In the Office: The Storms that Shouldn’t Surprise Us

One of the privileges of being a pastor is having the opportunity to be with individuals and families as they navigate some of life’s most joyful celebrations — and its most painful challenges. And while I am generally blown away by the strength and faith with which many people deal with the hard times, I do occasionally struggle with the question of how to encourage folks who have got it in their heads that being a Christian is supposed to exempt them from suffering.

Even a cursory reading of the New Testament, it seems to me, makes it clear that the storms of life shouldn’t surprise us. Jesus himself once said, “In this world, you will have trouble” (John 16:33). In today’s New Testament lesson, the Apostle Paul “strengthened and encouraged” the disciples in his newly-planted churches by telling them, “We must go through many hardships to enter the kingdom of God” (Acts 14:21-22). And in the well-known story from today’s gospel lesson (Mark 4:35-41), Jesus doesn’t prevent his disciples from encountering a storm; instead, he challenges them to trust his presence in it.

You’ve heard that story, no doubt. Jesus and the Twelve are crossing a lake when a violent squall comes up that threatens to swamp their boat. But as the disciples begin to panic, Jesus remains asleep. So they wake him and cry out: “Teacher, don’t you care if we drown?” (v. 38) And at times, that’s our question, too…isn’t it? “Teacher, don’t you care that my finances are falling apart, or my child is sick, or my spouse is dying, or my once-healthy body is suddenly falling apart?”

In the gospel story, Jesus responds by getting up, rebuking the waves, and returning the sea to its customary calm. However, we need to be careful, I think, about interpreting this to mean that if we just cry out Jesus will bring a speedy end to our trials.

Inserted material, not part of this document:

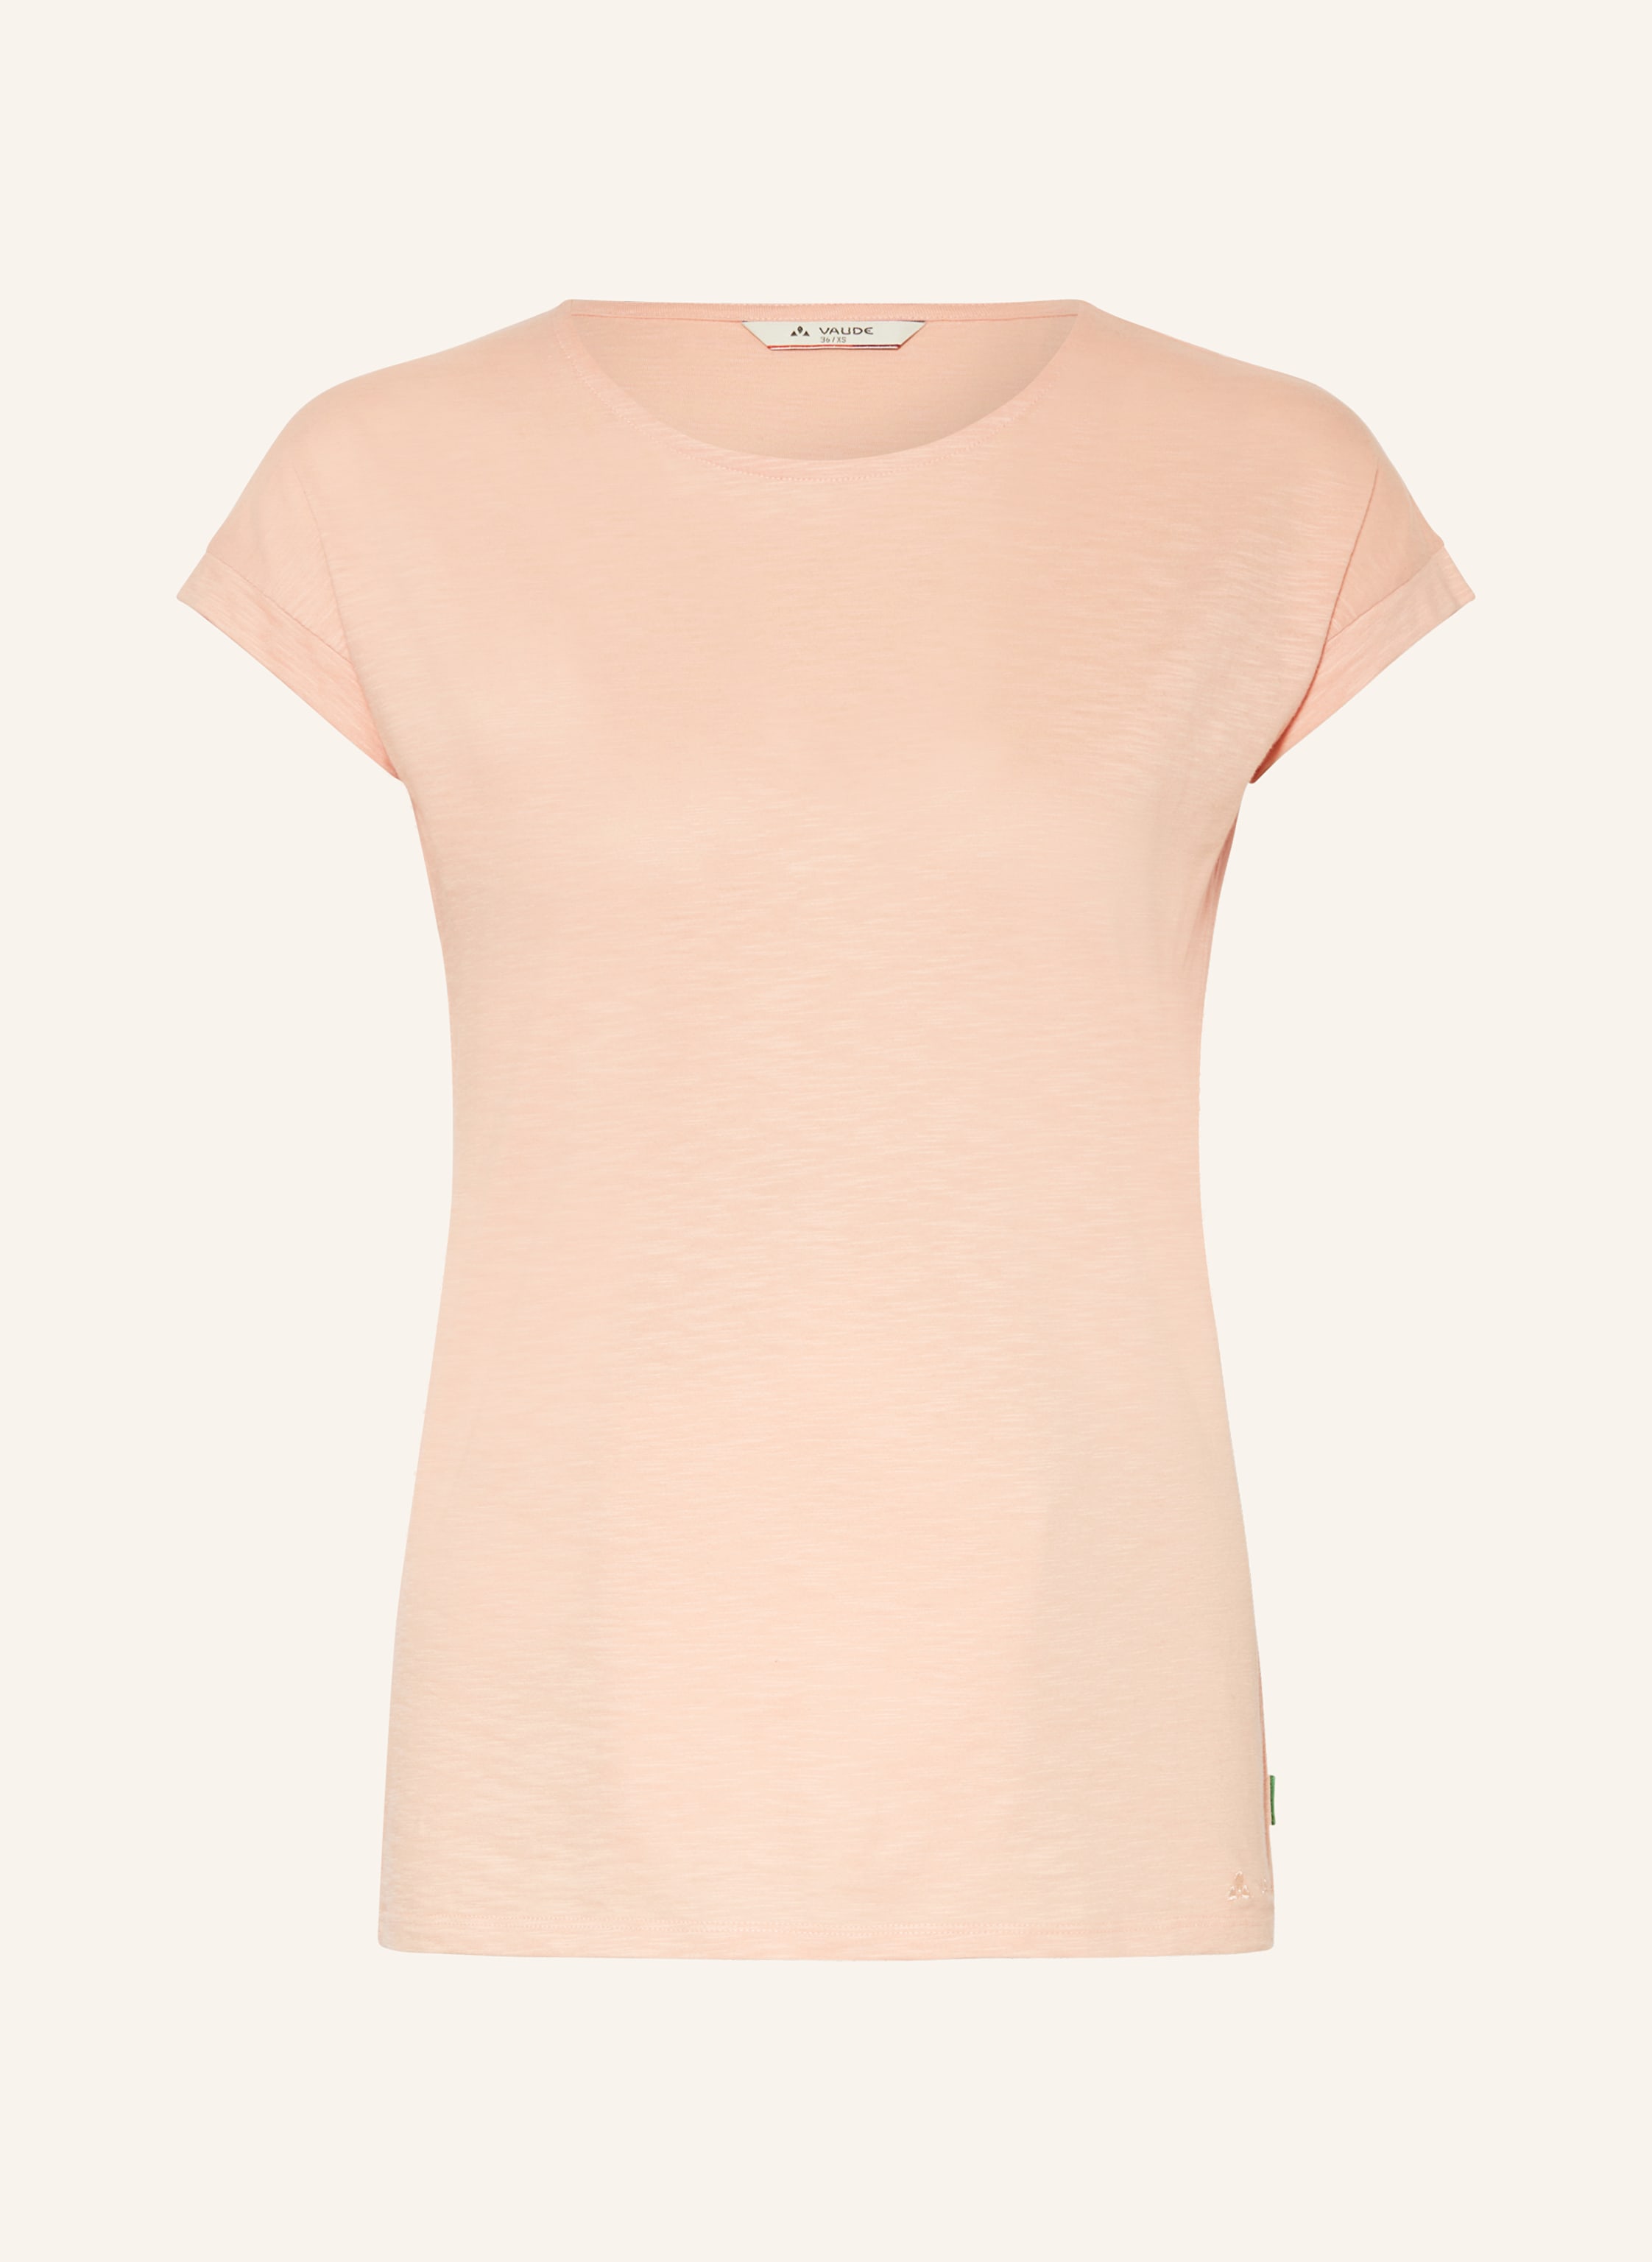 Vaude Moja T-Shirt IV - T-shirt Women's, Buy online
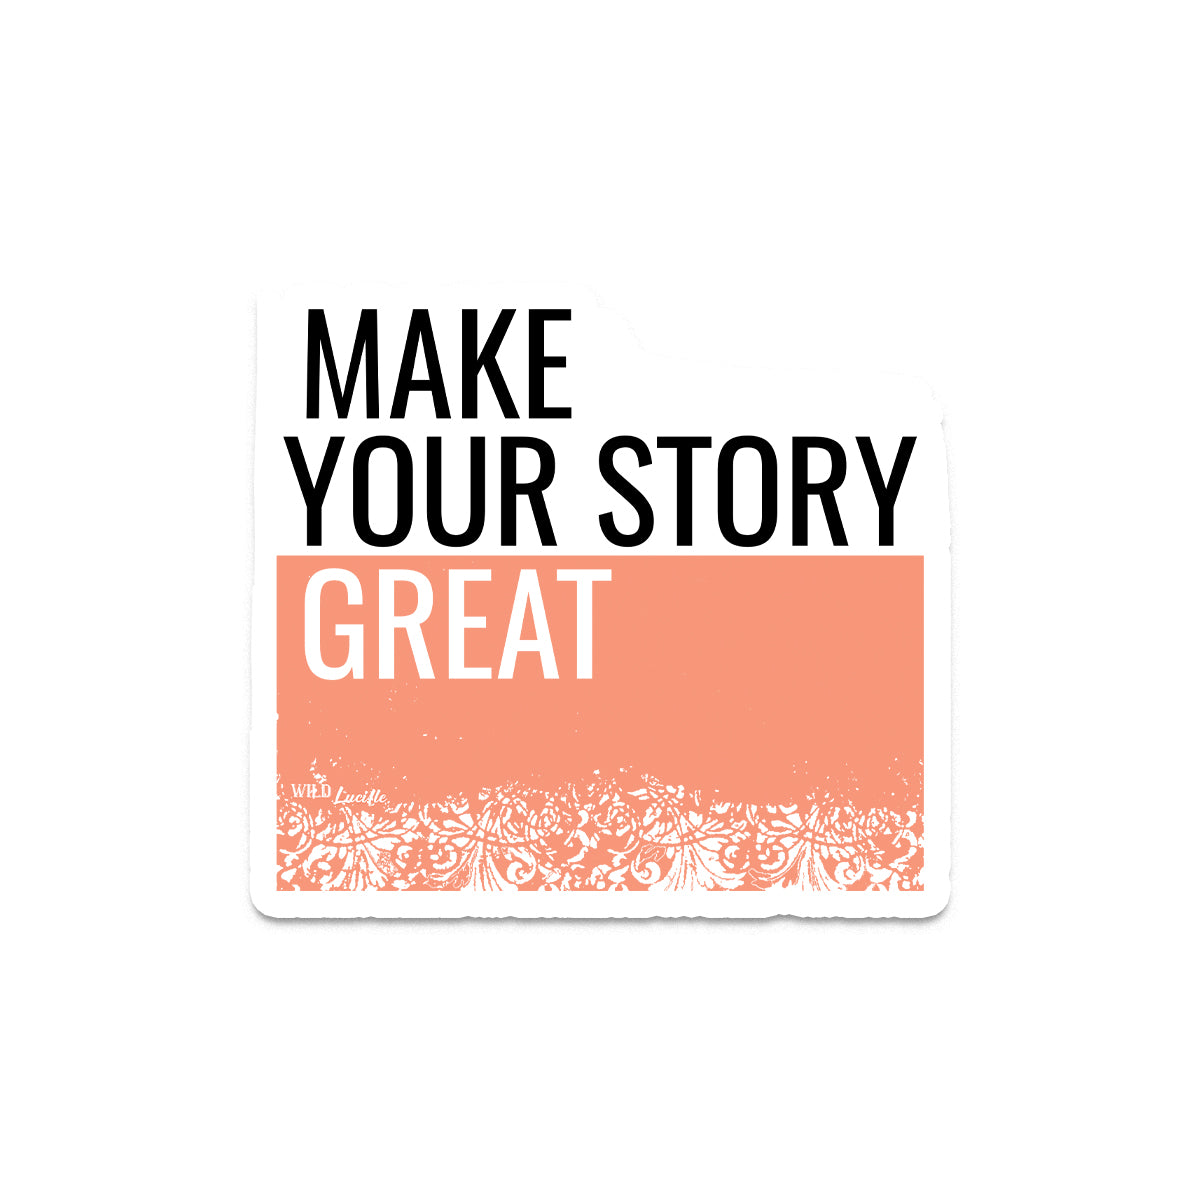 Make Your Story Great - Vinyl Sticker Decals

After all, he doesn’t tell his disciples, “Chill out! I’ll fix everything!” Instead, he asks them, “Why are you so afraid? Do you still have no faith?” (v. 40) In other words, he invites them to realize — that even as the storm rages around them — he is still with them and will not leave them forsaken.

I think that the words of a song by Ryan Stephenson say it pretty well:

In the eye of the storm, You remain in control
In the middle of the war, You guard my soul
You alone are the anchor, when my sails are torn
Your love surrounds me in the eye of the storm

Eye of the Storm

It’s my sincere desire that our ways would be clear and “storm-free” today. But even if they’re not, my deeper prayer is that we would trust Christ’s presence in the midst of our storms -— and would discover that his love is abundantly able to sustain us.